Outside of the fact Smith closed out the season strong, posting two shutouts in his final 10 games and allowing two or fewer goals against in seven of those outings, Smith’s 5-on-5 SP rebounded in a big way. Smith’s 5-on-5 SP during the 2015-16 campaign was .938, which is the best mark of his career, according to Puckalytics. Better yet, among the 49 1,000-minute goaltenders, only four fared better than Smith, and the only full-time starter who ranked ahead of Smith was newly minted Calgary Flames No. 1 netminder Brian Elliott.
None of this is to mention that Smith should have more help than he’s had in years on the back end. Familiar faces such as Connor Murphy, Zbynek Michalek and Michael Stone will be back, but Oliver Ekman-Larsson continues to grow and the off-season acquisition of Alex Goligoski should pay dividends in the Coyotes’ zone. Adding a depth defender like Luke Schenn could also help solidify the bottom pairing, and Kevin Connauton and Klas Dahlbeck remain solid depth options, as well.
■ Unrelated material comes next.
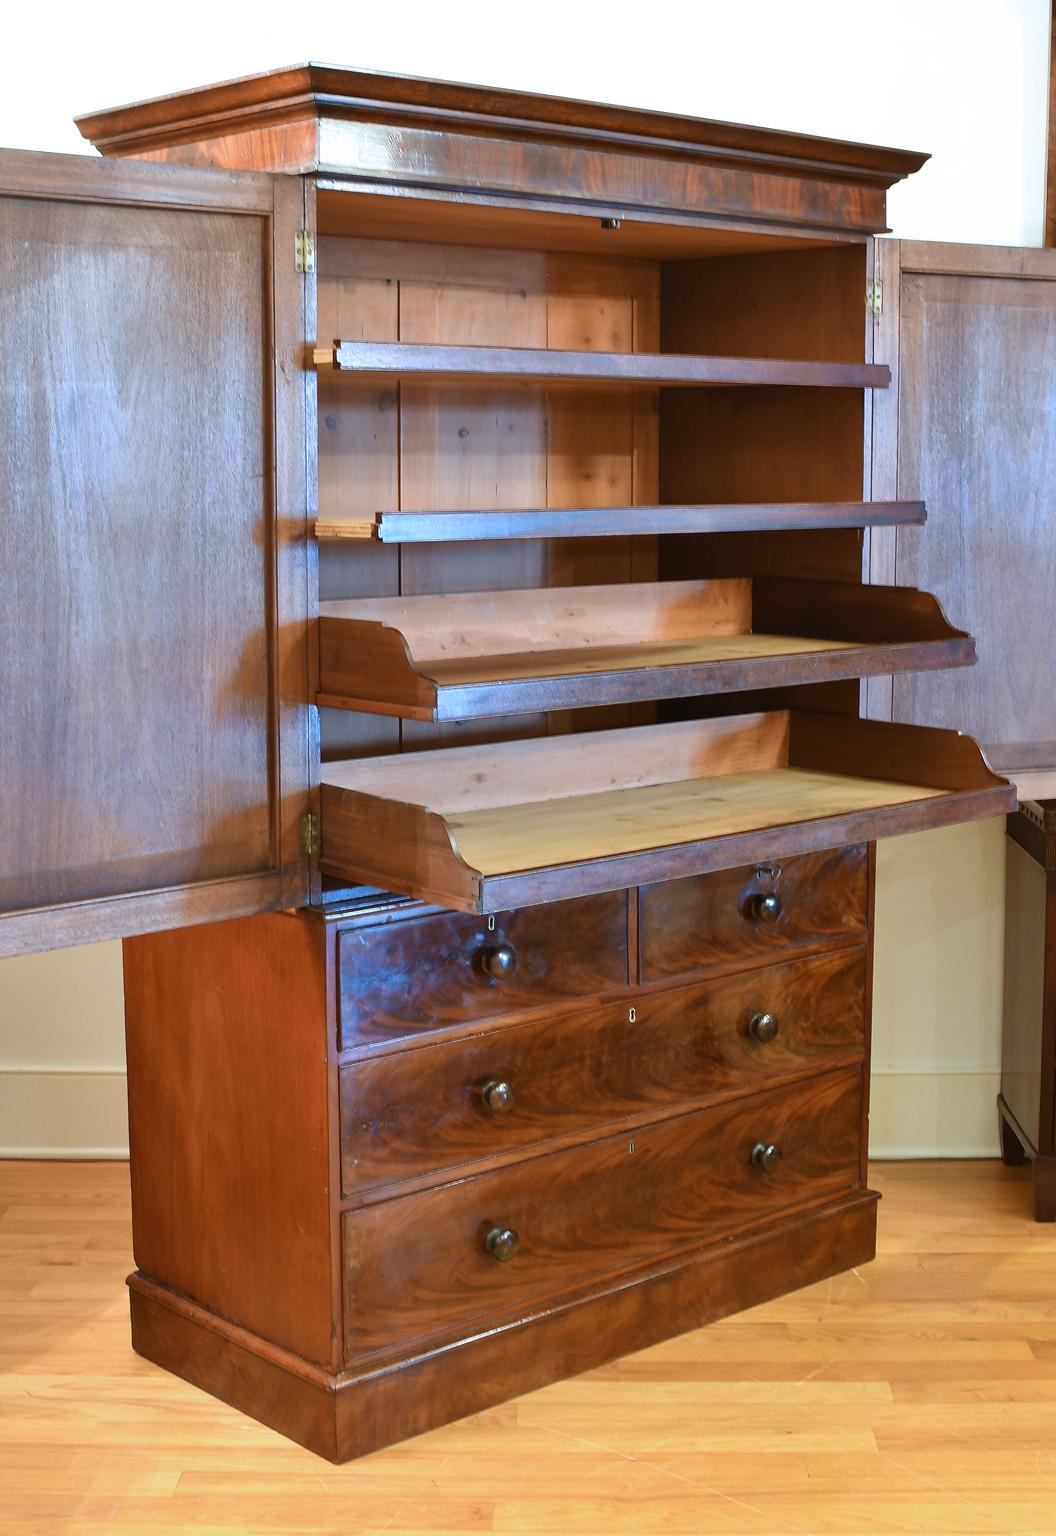 Polished Antique English Linen Press in West Indies Mahogany w/ Drawers & Enclosed Trays

The past few years have no doubt been rough on the Coyotes, over which time Smith has faced plenty of struggles — and plenty of shots — during the some of the franchise’s leanest years. But this season should be the first of some promising steps forward in Arizona. Smith’s late-season performance in 2015-16 brings hope, and his new outlook could play a big part in the Coyotes starting to turn things around.